### Problem to work on
Retype each line below precisely.

### The data
<<<<
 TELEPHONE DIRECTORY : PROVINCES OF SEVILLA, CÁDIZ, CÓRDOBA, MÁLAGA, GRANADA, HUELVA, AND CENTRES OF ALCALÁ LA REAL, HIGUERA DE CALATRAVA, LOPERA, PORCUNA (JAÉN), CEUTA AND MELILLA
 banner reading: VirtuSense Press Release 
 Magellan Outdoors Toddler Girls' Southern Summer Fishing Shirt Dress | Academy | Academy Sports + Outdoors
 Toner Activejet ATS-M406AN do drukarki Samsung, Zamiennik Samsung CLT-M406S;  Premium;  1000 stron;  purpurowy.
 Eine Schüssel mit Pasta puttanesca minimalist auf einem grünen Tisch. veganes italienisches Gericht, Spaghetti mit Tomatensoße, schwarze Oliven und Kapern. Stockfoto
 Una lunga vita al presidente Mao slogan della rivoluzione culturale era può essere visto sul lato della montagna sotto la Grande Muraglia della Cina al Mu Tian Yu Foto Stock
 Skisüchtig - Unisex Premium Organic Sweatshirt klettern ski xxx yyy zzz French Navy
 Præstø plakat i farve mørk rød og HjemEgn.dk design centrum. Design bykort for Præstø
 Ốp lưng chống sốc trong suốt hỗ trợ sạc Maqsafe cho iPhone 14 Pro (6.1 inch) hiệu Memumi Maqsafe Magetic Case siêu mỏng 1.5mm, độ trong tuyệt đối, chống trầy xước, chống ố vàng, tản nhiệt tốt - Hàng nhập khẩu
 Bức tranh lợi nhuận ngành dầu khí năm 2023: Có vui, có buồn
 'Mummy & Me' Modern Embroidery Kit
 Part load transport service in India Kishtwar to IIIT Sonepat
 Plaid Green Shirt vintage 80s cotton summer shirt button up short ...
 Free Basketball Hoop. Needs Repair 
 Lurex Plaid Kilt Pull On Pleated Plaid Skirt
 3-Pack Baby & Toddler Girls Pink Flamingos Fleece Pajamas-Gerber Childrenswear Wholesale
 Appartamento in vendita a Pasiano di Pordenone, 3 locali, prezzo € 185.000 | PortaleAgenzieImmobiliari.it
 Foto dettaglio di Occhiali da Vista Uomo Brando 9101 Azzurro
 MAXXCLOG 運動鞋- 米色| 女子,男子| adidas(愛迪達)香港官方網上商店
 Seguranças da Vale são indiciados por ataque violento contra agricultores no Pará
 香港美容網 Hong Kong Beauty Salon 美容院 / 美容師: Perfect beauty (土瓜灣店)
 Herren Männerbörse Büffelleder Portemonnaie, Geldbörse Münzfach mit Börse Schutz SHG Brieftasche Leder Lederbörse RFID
>>>>
### Expected answer
 TELEPHONE DIRECTORY : PROVINCES OF SEVILLA, CÁDIZ, CÓRDOBA, MÁLAGA, GRANADA, HUELVA, AND CENTRES OF ALCALÁ LA REAL, HIGUERA DE CALATRAVA, LOPERA, PORCUNA (JAÉN), CEUTA AND MELILLA
 banner reading: VirtuSense Press Release 
 Magellan Outdoors Toddler Girls' Southern Summer Fishing Shirt Dress | Academy | Academy Sports + Outdoors
 Toner Activejet ATS-M406AN do drukarki Samsung, Zamiennik Samsung CLT-M406S;  Premium;  1000 stron;  purpurowy.
 Eine Schüssel mit Pasta puttanesca minimalist auf einem grünen Tisch. veganes italienisches Gericht, Spaghetti mit Tomatensoße, schwarze Oliven und Kapern. Stockfoto
 Una lunga vita al presidente Mao slogan della rivoluzione culturale era può essere visto sul lato della montagna sotto la Grande Muraglia della Cina al Mu Tian Yu Foto Stock
 Skisüchtig - Unisex Premium Organic Sweatshirt klettern ski xxx yyy zzz French Navy
 Præstø plakat i farve mørk rød og HjemEgn.dk design centrum. Design bykort for Præstø
 Ốp lưng chống sốc trong suốt hỗ trợ sạc Maqsafe cho iPhone 14 Pro (6.1 inch) hiệu Memumi Maqsafe Magetic Case siêu mỏng 1.5mm, độ trong tuyệt đối, chống trầy xước, chống ố vàng, tản nhiệt tốt - Hàng nhập khẩu
 Bức tranh lợi nhuận ngành dầu khí năm 2023: Có vui, có buồn
 'Mummy & Me' Modern Embroidery Kit
 Part load transport service in India Kishtwar to IIIT Sonepat
 Plaid Green Shirt vintage 80s cotton summer shirt button up short ...
 Free Basketball Hoop. Needs Repair 
 Lurex Plaid Kilt Pull On Pleated Plaid Skirt
 3-Pack Baby & Toddler Girls Pink Flamingos Fleece Pajamas-Gerber Childrenswear Wholesale
 Appartamento in vendita a Pasiano di Pordenone, 3 locali, prezzo € 185.000 | PortaleAgenzieImmobiliari.it
 Foto dettaglio di Occhiali da Vista Uomo Brando 9101 Azzurro
 MAXXCLOG 運動鞋- 米色| 女子,男子| adidas(愛迪達)香港官方網上商店
 Seguranças da Vale são indiciados por ataque violento contra agricultores no Pará
 香港美容網 Hong Kong Beauty Salon 美容院 / 美容師: Perfect beauty (土瓜灣店)
 Herren Männerbörse Büffelleder Portemonnaie, Geldbörse Münzfach mit Börse Schutz SHG Brieftasche Leder Lederbörse RFID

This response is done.